Mena ReportDi Walid Khadduri. Al-Hayat (05/08/2013). Traduzione e sintesi di Cristina Gulfi

L’interesse per l’energia rinnovabile resta molto limitato nel mondo arabo, dato il dominio dell’industria degli idrocarburi sulle economie della regione. Questa mentalità non è cambiata nemmeno di fronte ad alcune importanti trasformazioni in corso che spingono i consumi sempre più in alto, come l’aumento demografico, lo sviluppo delle città, gli standard di vita più elevati e l’uso crescente di climatizzatori e altre apparecchiature elettroniche.

Investire nel settore dell’energia rinnovabile richiede innanzitutto uno studio completo della situazione attuale. Qualcosa del genere è stato realizzato il mese scorso con la pubblicazione del Middle East and North Africa (MENA) Renewables Status Report, a cura dell’Agenzia Internazionale per le Energie Rinnovabili (IRENA) in collaborazione con il Ministero degli Esteri degli Emirati Arabi Uniti e REN 21 (Renewable Energy Policy Network for the 21st Century).
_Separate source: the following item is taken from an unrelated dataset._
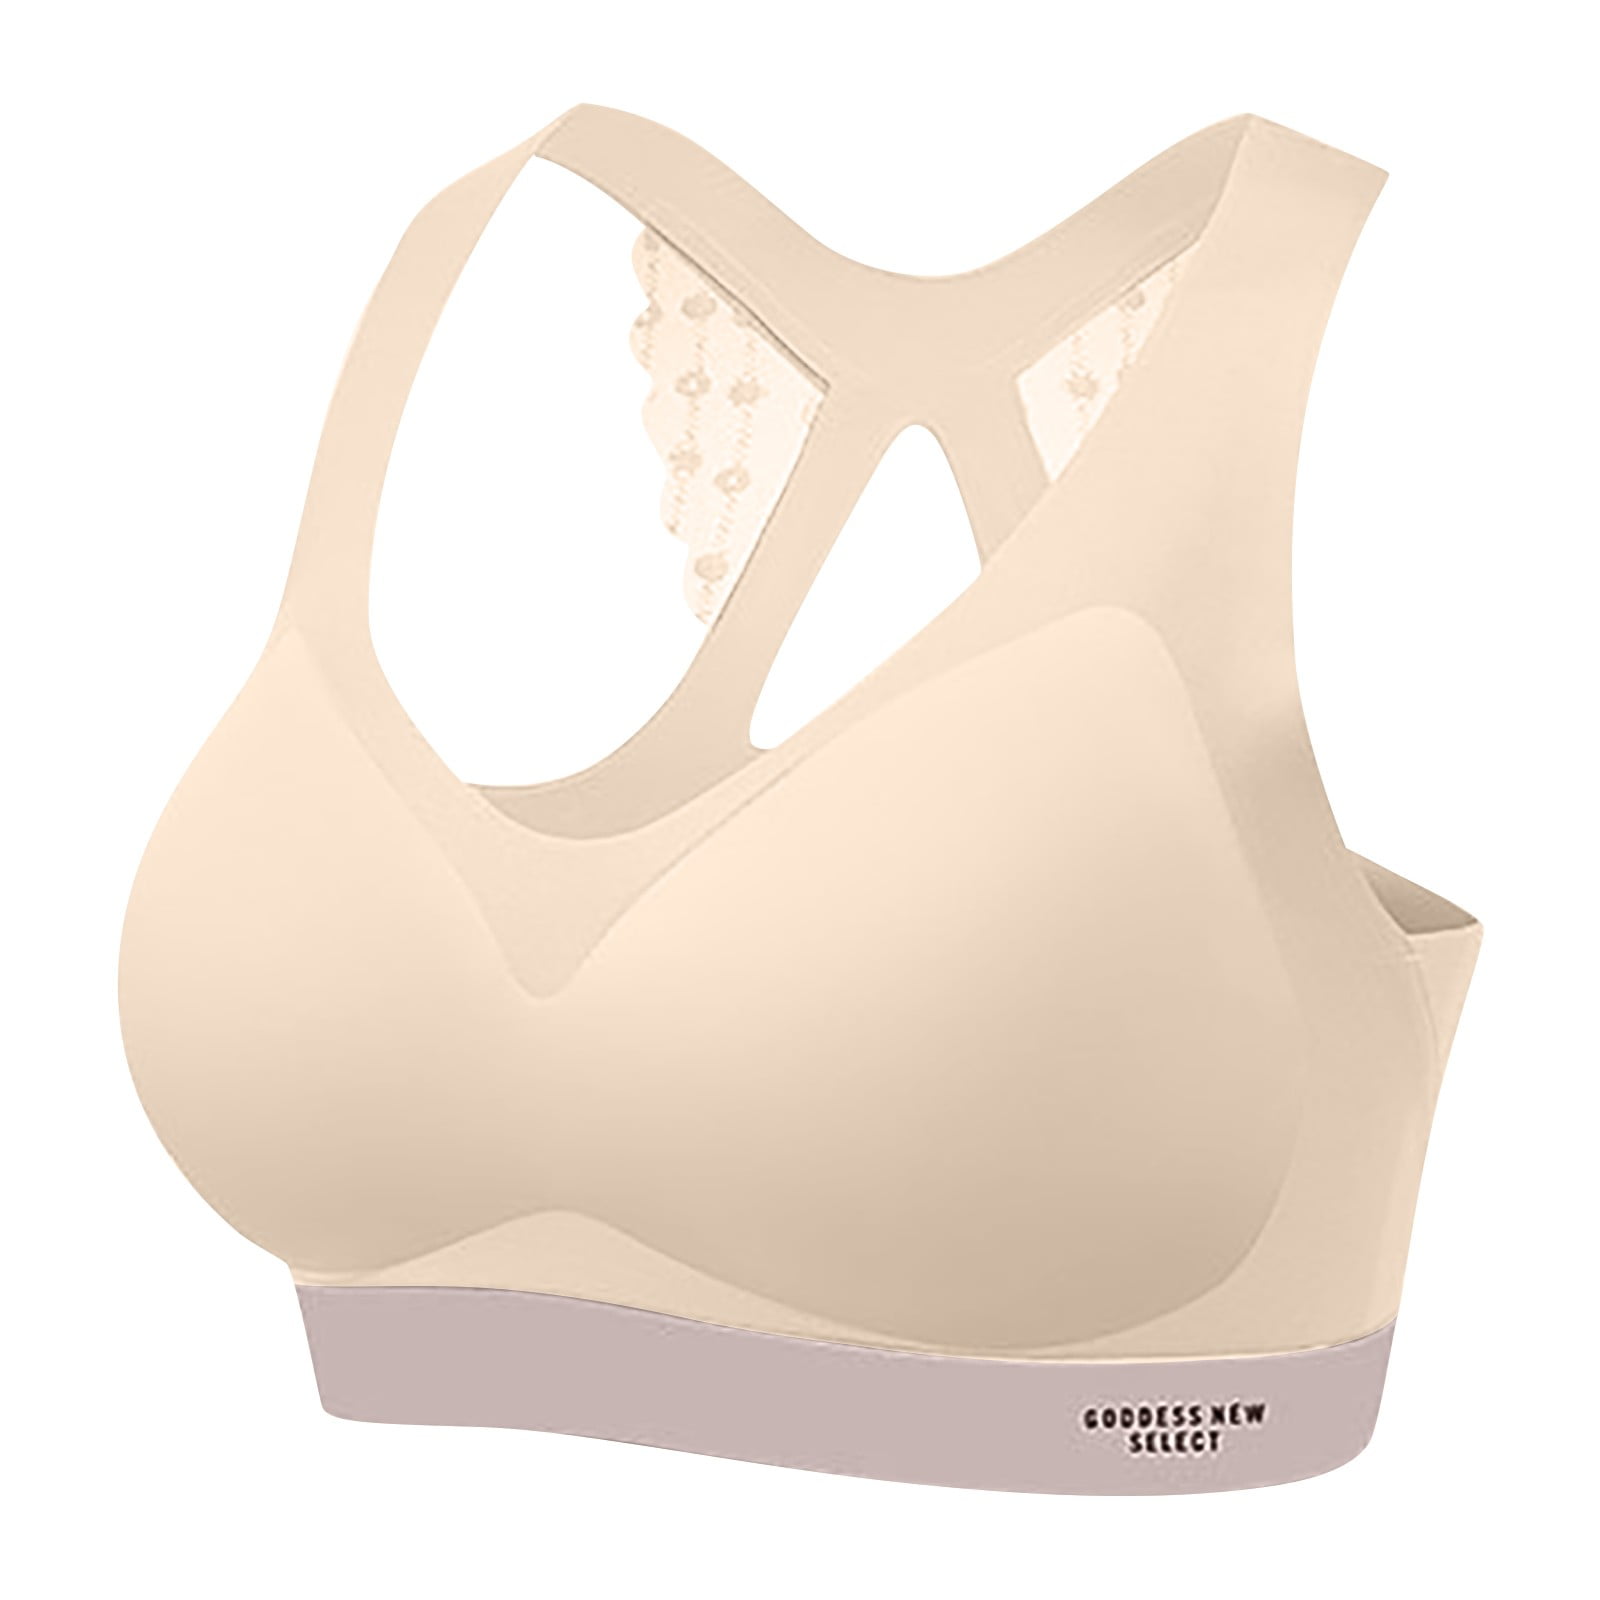 CAICJ98 Women'S Lingerie Womens Sports Bra No Wire Comfort Sleep Bra Plus  Size Workout Activity Bras with Non Removable Pads Shaping Bra White,5XL

Attualmente gli investimenti arabi nelle energie rinnovabili ammontano a 10 miliardi di dollari all’anno. Tuttavia, molti studi indicano che l’aumento del consumo di elettricità nella regione ne richiederà di più – secondo le stime della Banca Mondiale fino a 30 miliardi di dollari all’anno entro il 2040, pari al 3% del PIL.
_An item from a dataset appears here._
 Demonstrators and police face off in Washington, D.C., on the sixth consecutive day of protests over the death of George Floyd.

Tra il 2004 e il 2011 nell’area MENA gli investimenti annuali nelle energie rinnovabili sono passati da 439 a 2870 milioni di dollari. Ministeri e aziende elettriche hanno preso l’iniziativa, in collaborazione con banche internazionali di sviluppo, ma la crescente domanda di elettricità ha spinto ad investire anche aziende private, specie attraverso progetti che operano al di fuori delle reti nazionali (off grid).

Ad esempio, nel 2012 un’azienda tedesca ha costruito una centrale solare in grado di produrre 50 kilowatt a Wadi al-Natrun, in Egitto, oltre a 4 turbine eoliche e ad un sistema di stoccaggio della batteria che fornisce elettricità 24 ore su 24. In questo modo si riduce la pressione sulla rete nazionale e si raggiungono piccole popolazioni in aree rurali, dove l’energia viene utilizzata per progetti di desalinizzazione e per l’irrigazione.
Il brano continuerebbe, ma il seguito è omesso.